Much of the film’s runtime is taken up with the very elaborate, at times a tad verbose, debates between reason and unreason, faith and science and homogeneity and individual rights. Potentially, these scenes could have been a drag, but the presence of two of India’s finest dramatic actors – Naseeruddin Shah and (the late) Soumitra Chatterjee – has pulled off a near miracle. The courtroom remains a riveting spectacle. Actors playing the minor parts  do their job competently. As the somewhat loudmouthed journalist, Kaushik Sen stands out from most of the rest. The camera  is handled well, the eerie night-scenes adding the right touch of tension. The editing is adequate to the story’s needs, as are the English subtitles of this multilingual film. The background score, though, could have been improved: it jars at times. Overall, this is outstanding cinema.

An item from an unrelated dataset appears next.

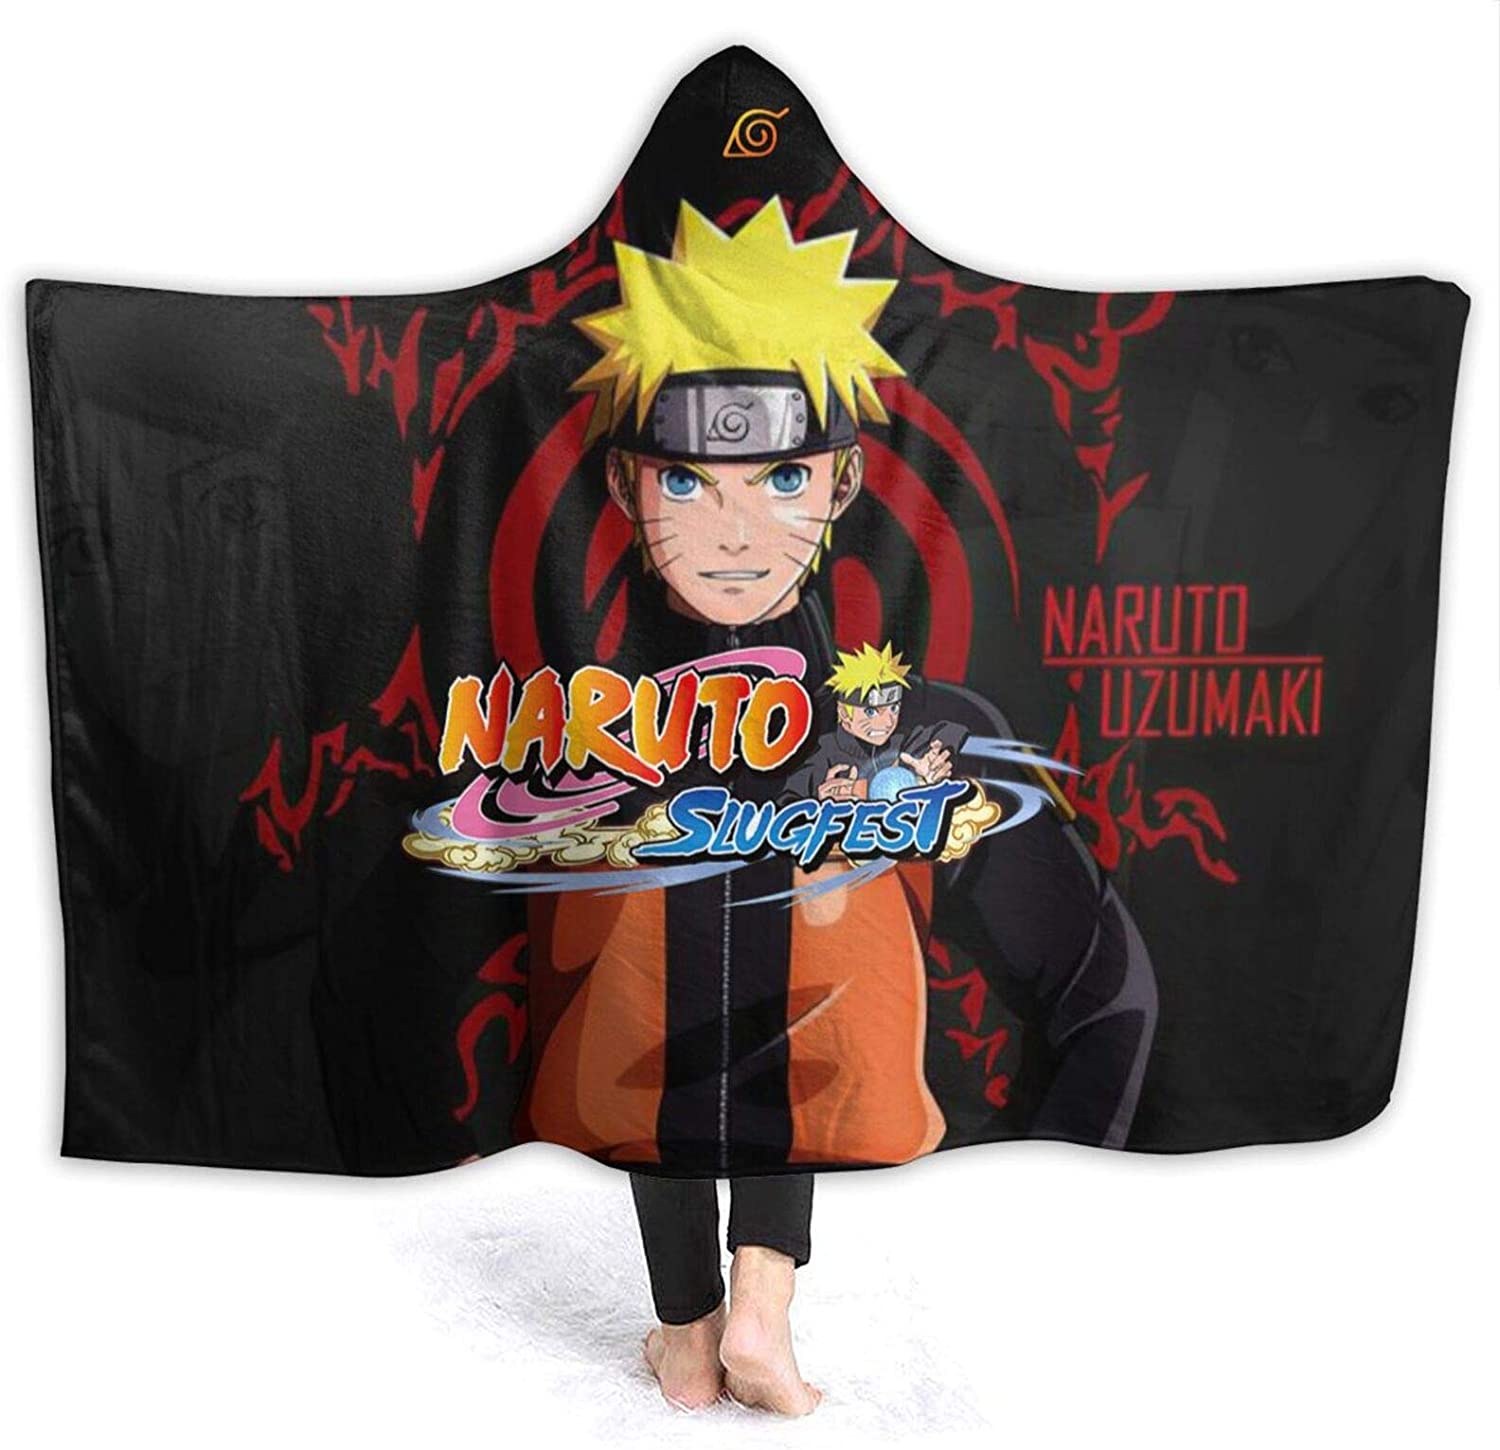 Anime Naruto 3D Printing Plush Fleece Blanket Adult Fashion Quilts Home  Office Washable Duvet Casual Kids Sherpa Blanket 01 From Erikaning, $46.65  | DHgate.Com | Better Than Pottery Barn, Crate & Barrel.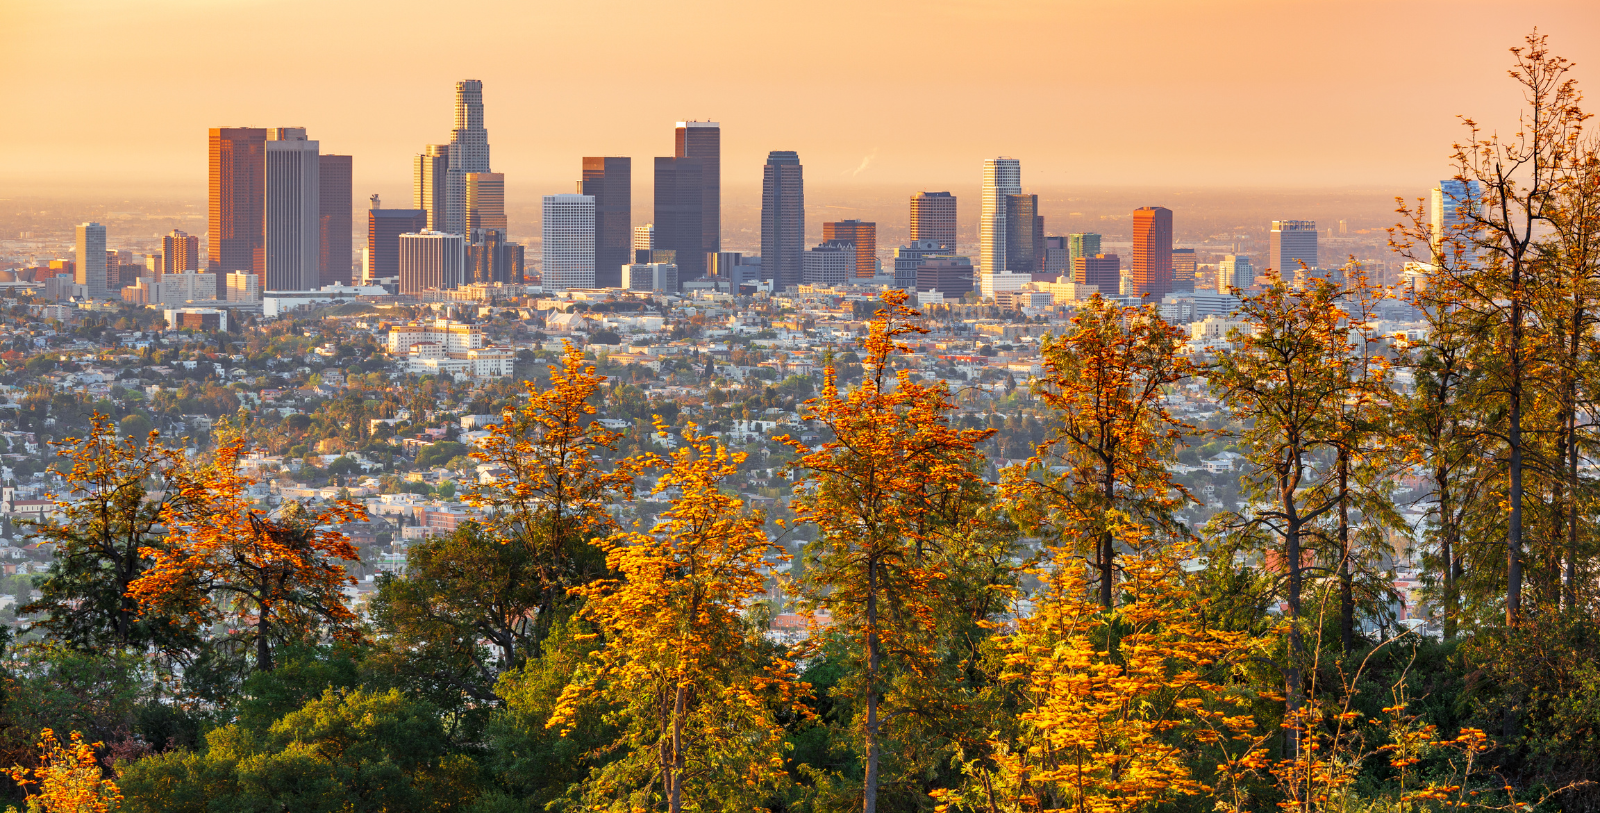 Soak up the creative energy of Los Angeles, home to Hollywood, 11 professional sports teams, and 263 days of sunshine.

Where Mitra goes wrong is the abruptness with which the judge drops all charges against Baske. That is counter-intuitive. Also, by injecting a rather false note of buoyancy, it weakens the film’s otherwise unambiguous messaging. Hillolganj is obviously India’s surrogate, and a wishy-washy ending leaves us a little uncertain about what Mitra was getting at.

Unless that sequence is the censor’s gift to an otherwise combative political film. But even if it is, the censors here have done a shoddy job of their primary mission – which typically is pleasing their political masters. Which regime loves to find its censors nodding over their duties?